▶ _GIVEN INFORMATION_:
━━━
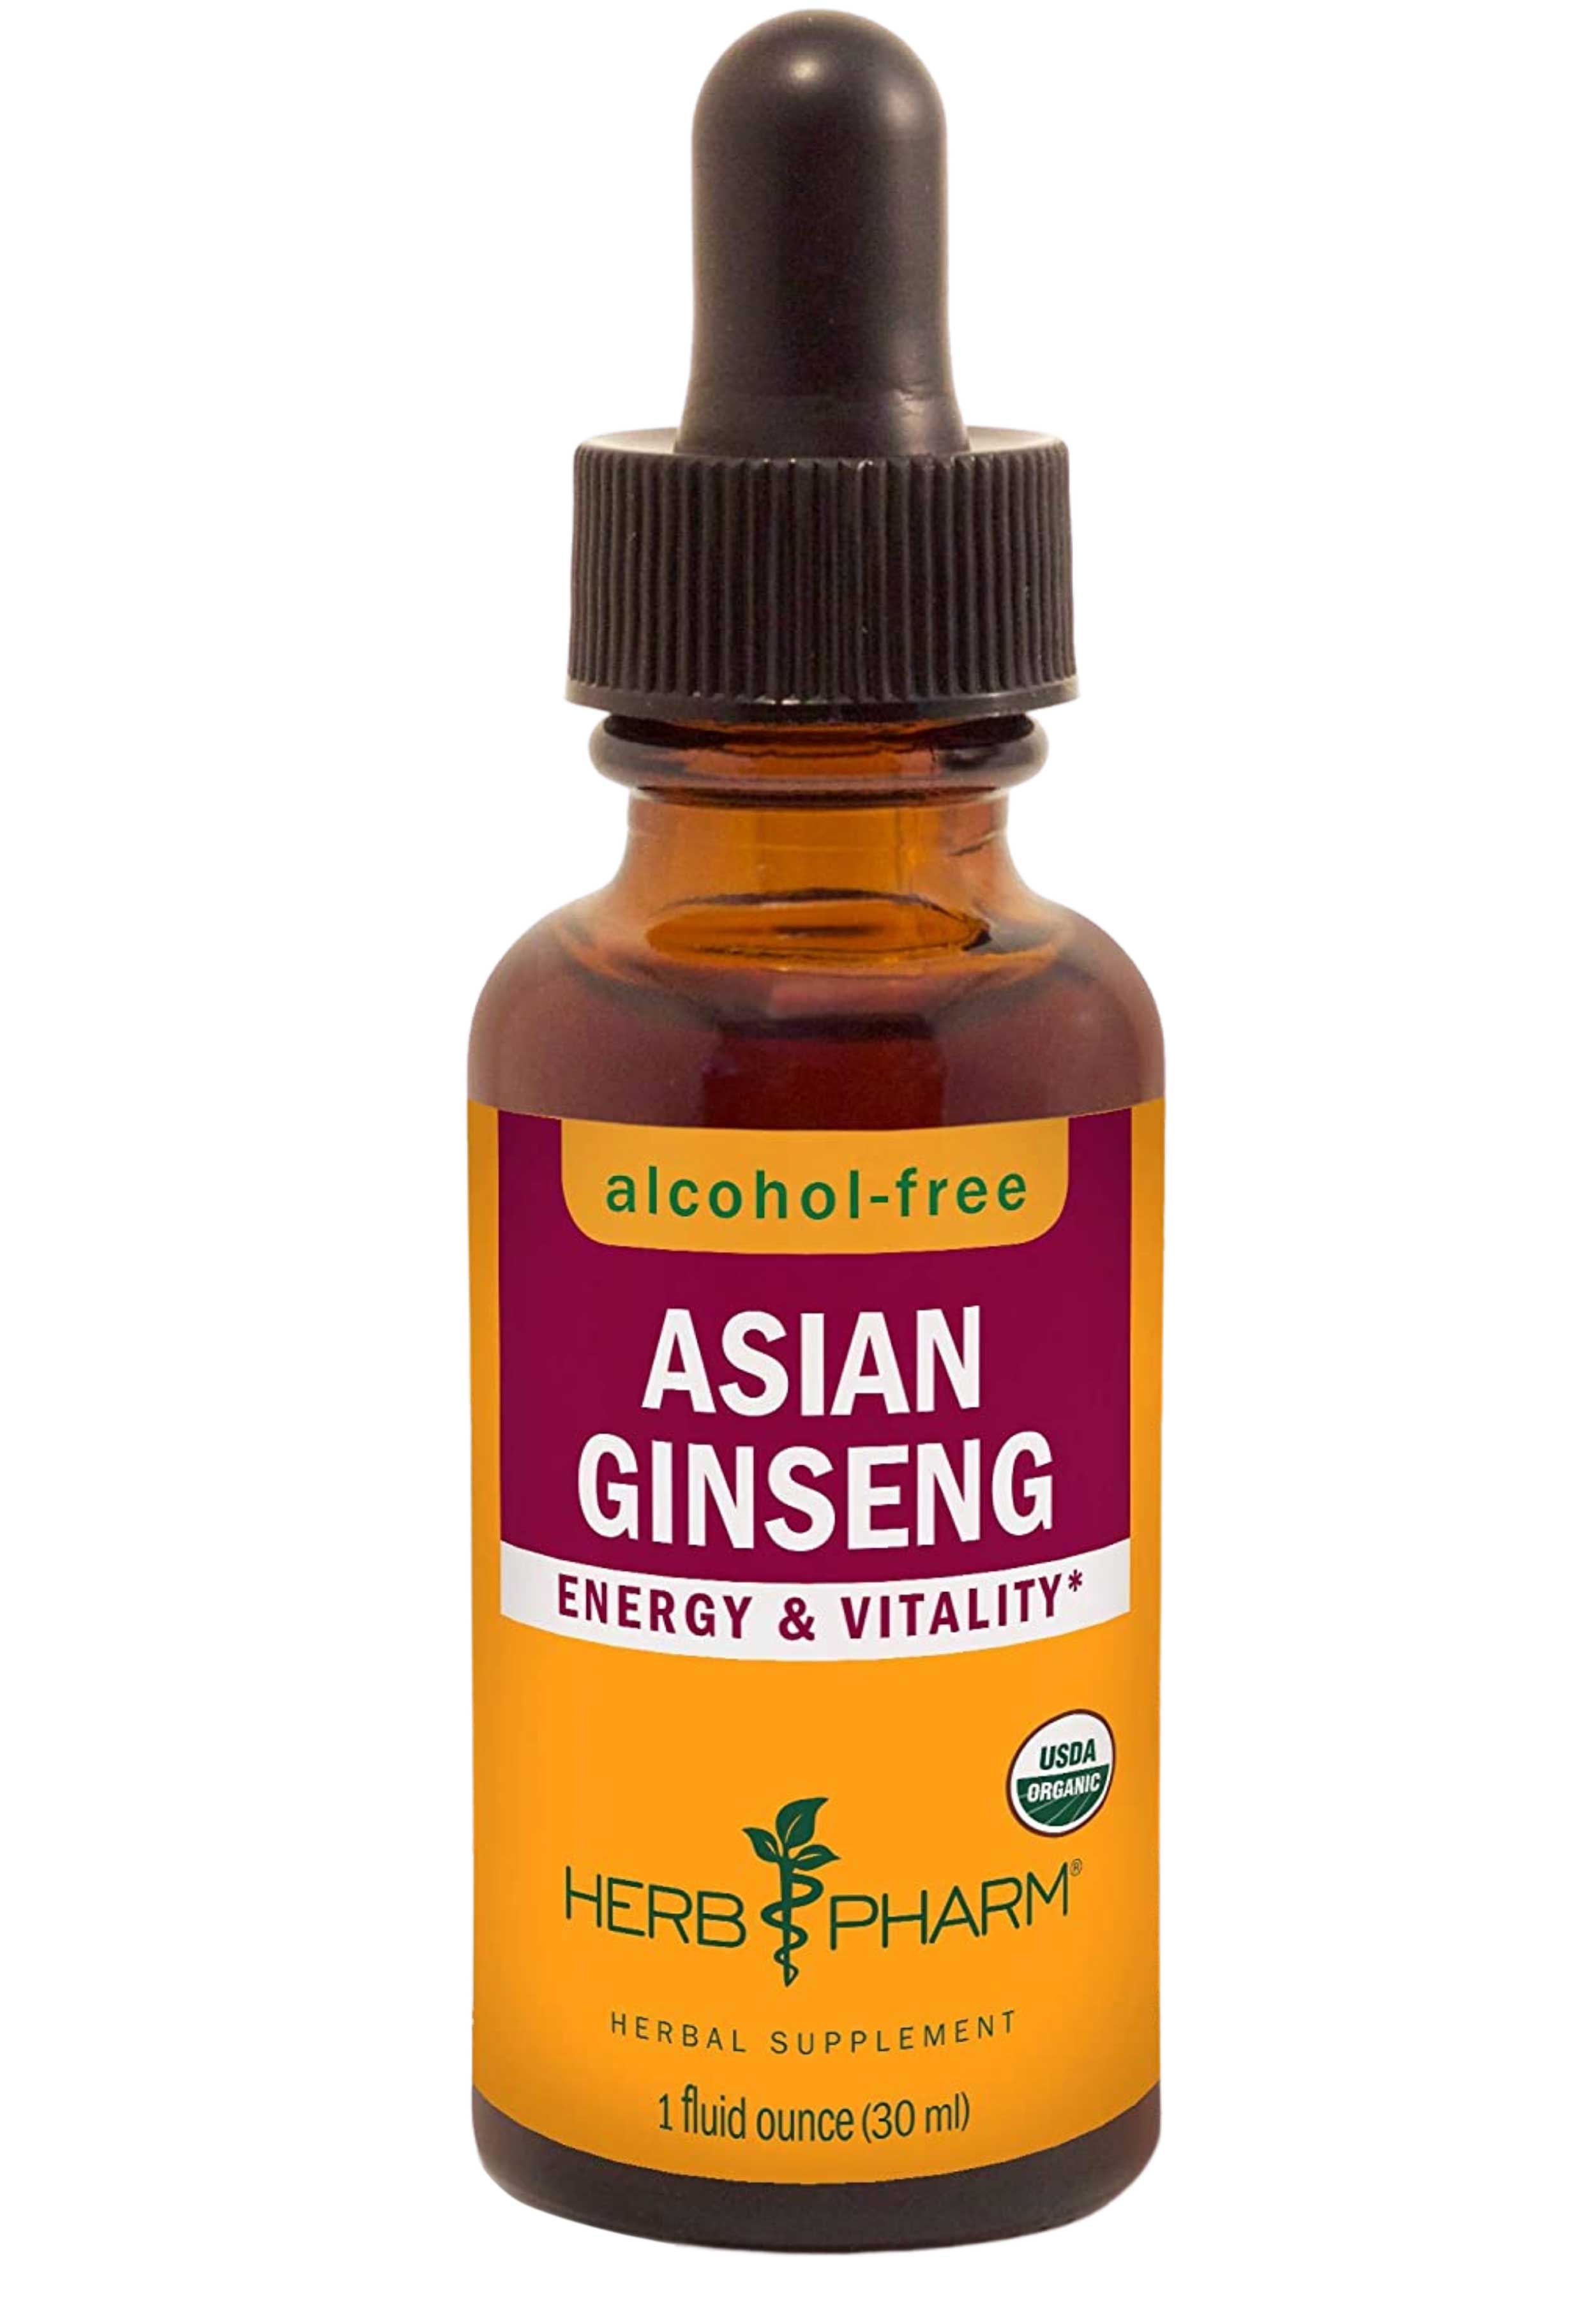 Herb Pharm Asian Ginseng Alcohol-Free
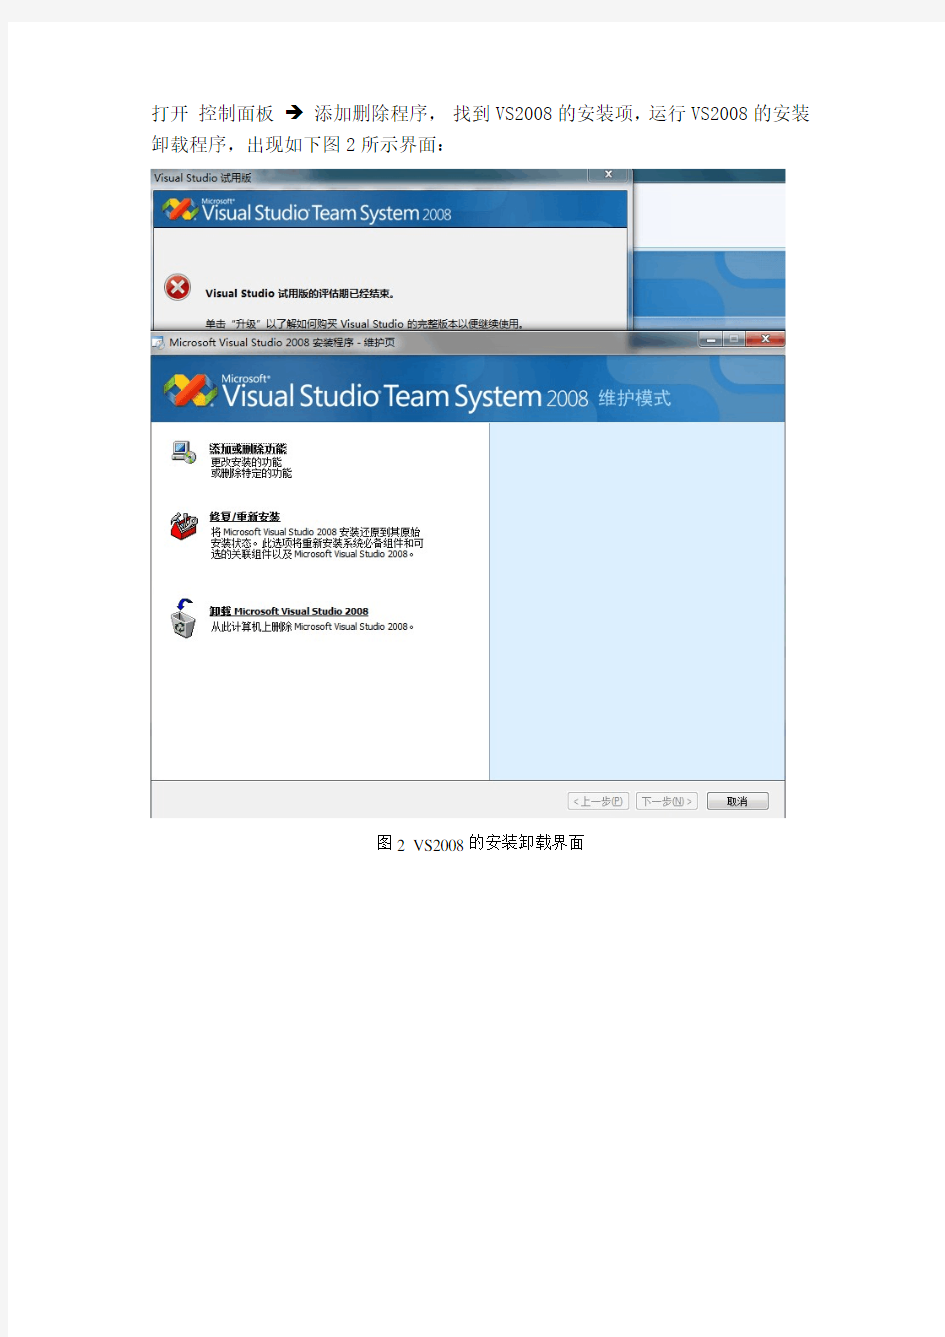 Windows 7 64bit +VS2008+ CUDA 4.0安装配置完全过程
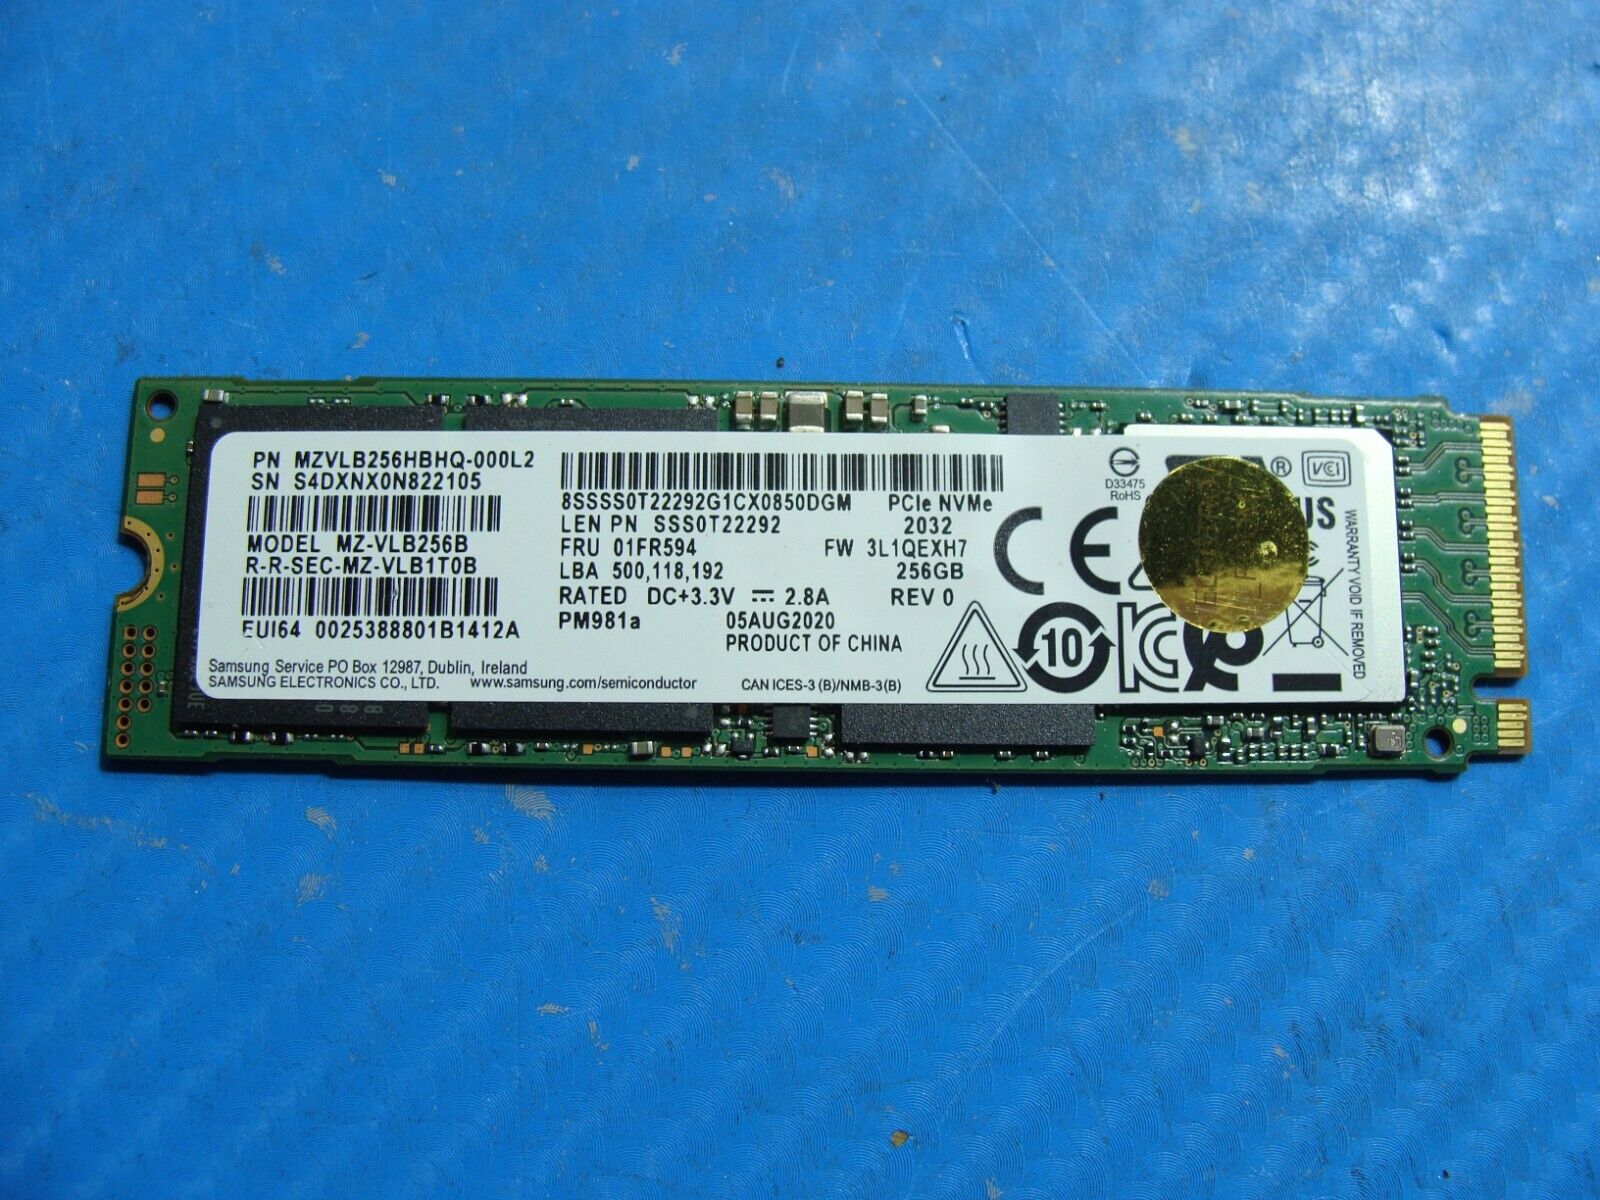 Lenovo E580 Samsung 256GB M.2 NVMe SSD Solid State Drive MZVLB256HBHQ-000L2
━━━
▶ _ASSIGNMENT_: Please leave the images out and retype the rest of the material exactly.

▶ _SOLUTION BELOW_:
 Herb Pharm Asian Ginseng Alcohol-Free
 Windows 7 64bit +VS2008+ CUDA 4.0安装配置完全过程
 Lenovo E580 Samsung 256GB M.2 NVMe SSD Solid State Drive MZVLB256HBHQ-000L2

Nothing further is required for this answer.